I am not sure if you already wrote about which command is executed in which context:

  • PowerShell on the Windows host?
  • Terminal in a WSL2 distribution with enabled wsl integration in Docker Desktop?
  • Inside a container?

I assume you run the command flutter build in a PowerShell Terminal on the host.

The argument --network host only make sense, if the “host network driver” is enabled in Docker Desktop, see: Host network driver | Docker Docs.

8

Sorry for the confusion I made,

It is flutter build from the .workflow file, so it should run inside the docker container. From my understanding, the act-cli create a container, then run flutter build inside that docker container.

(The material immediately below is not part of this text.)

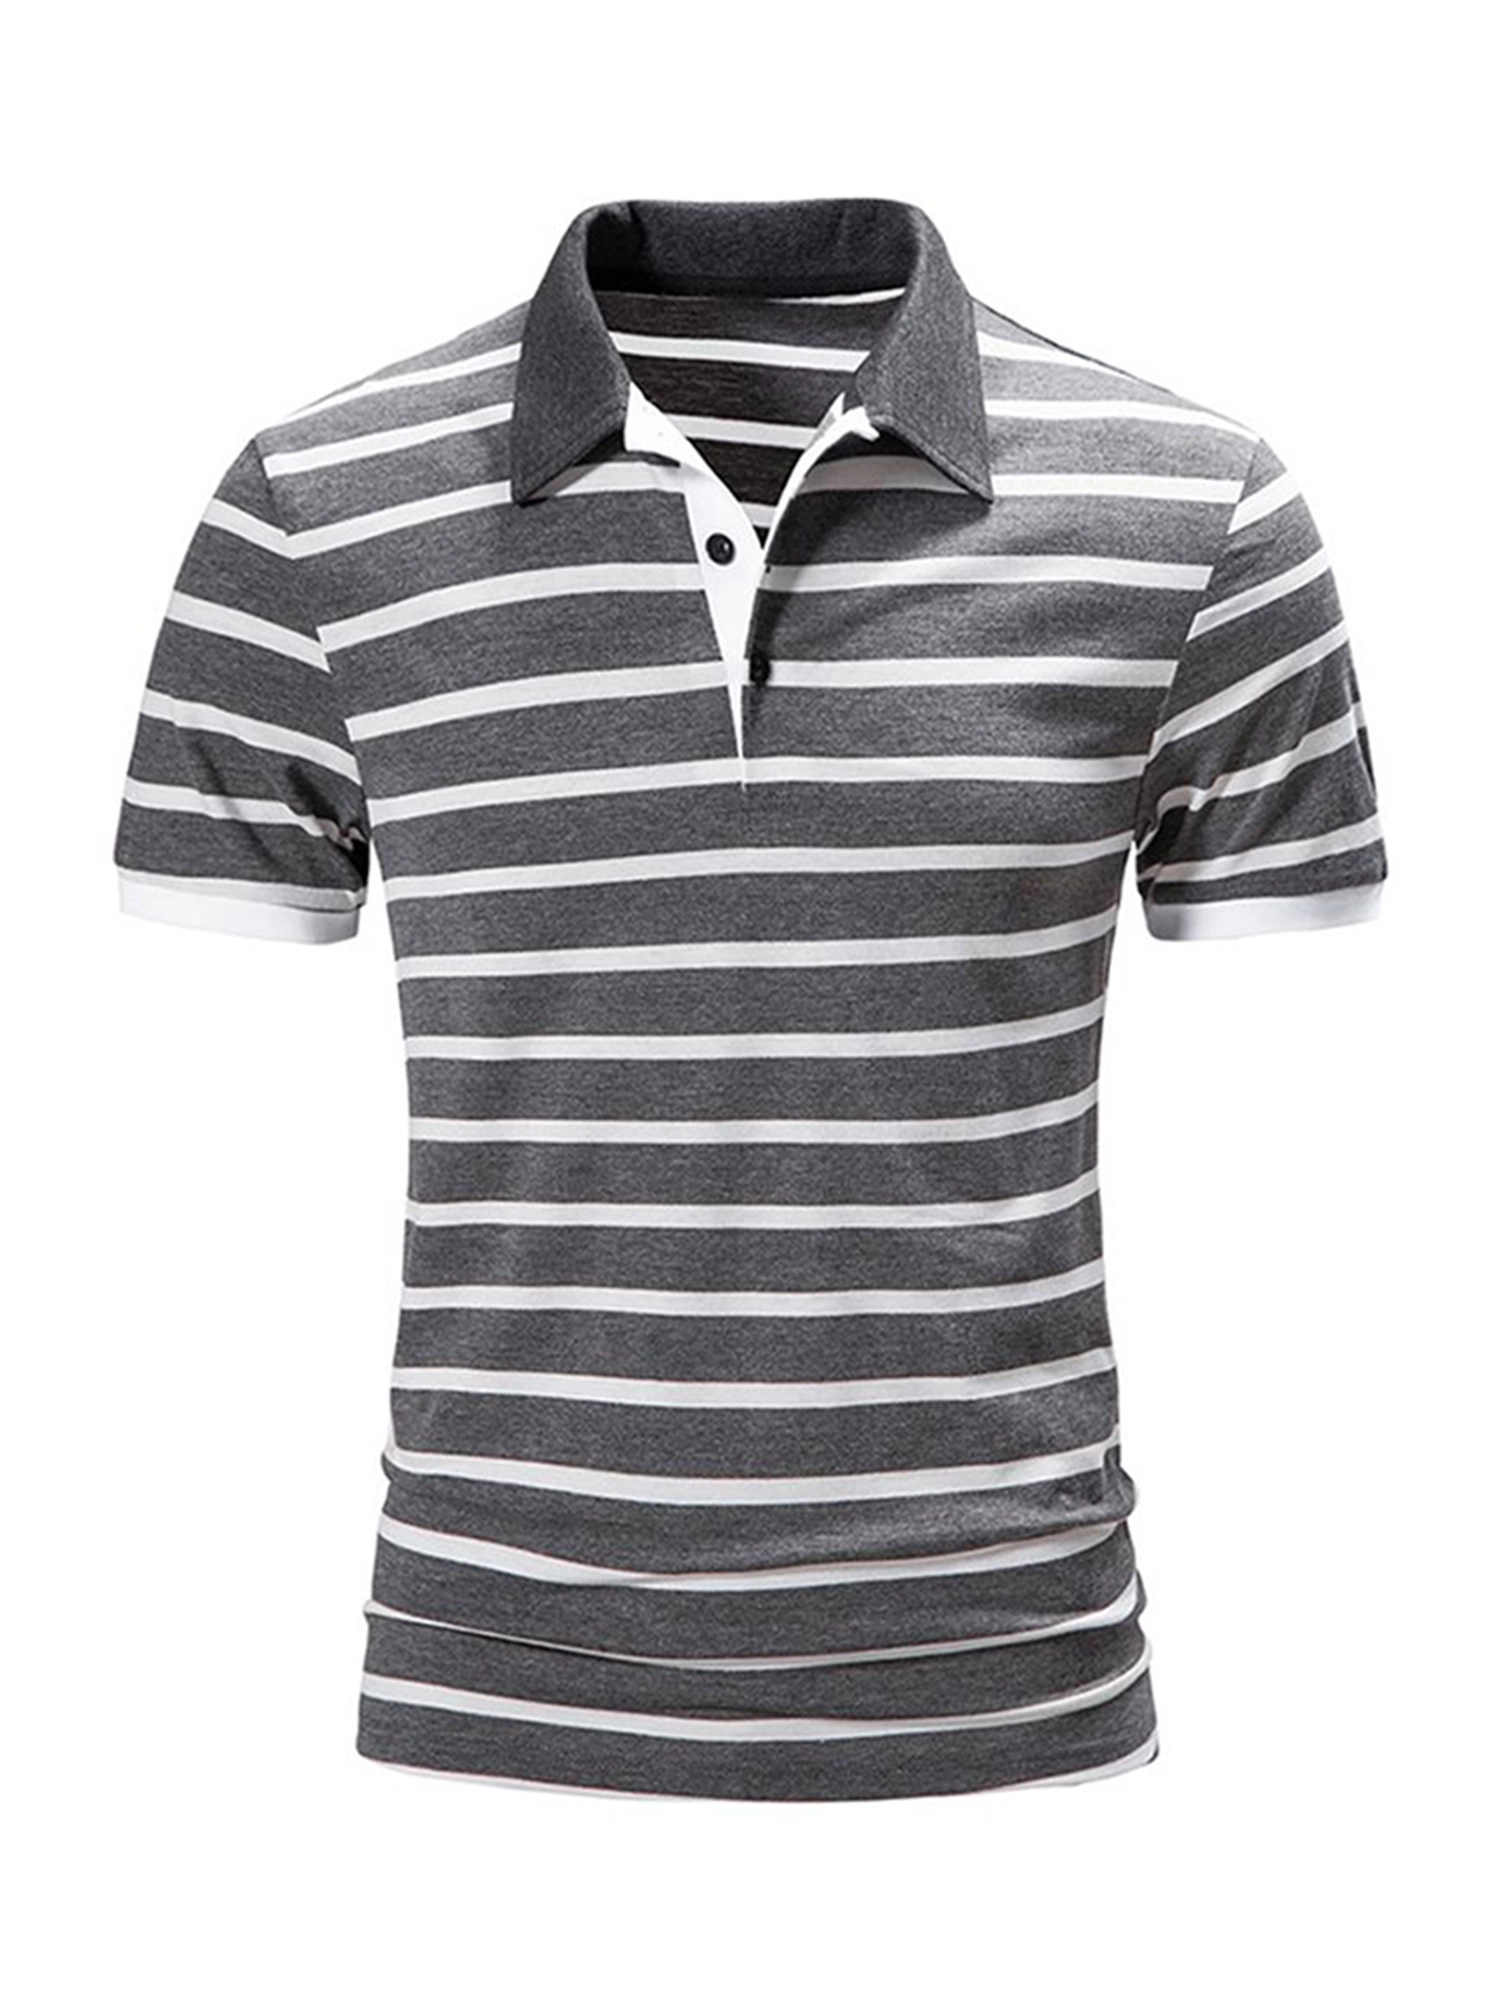 Mens Work Short Sleeve Striped Polo T Shirt Summer Casual Slim Fit Tops Sports Tee

It’s my wrong to say that I disabled Docker’s host network mode by using flag (--network host ). In reality what I did is toggle off the Network Host mode in Docker Desktop, (in Setting → Resources → Network)

9

A single command without a precise context, isn’t what will help me to get a better understanding of the situation. Please share all relevant details that allow someone not being in your headspace to actually understand what you do, where you do it and how exactly you do it.

Regarding the host network driver: Is it safe to assume that you read the link and know how a container needs to be started to actually work with the host network driver of Docker Desktop?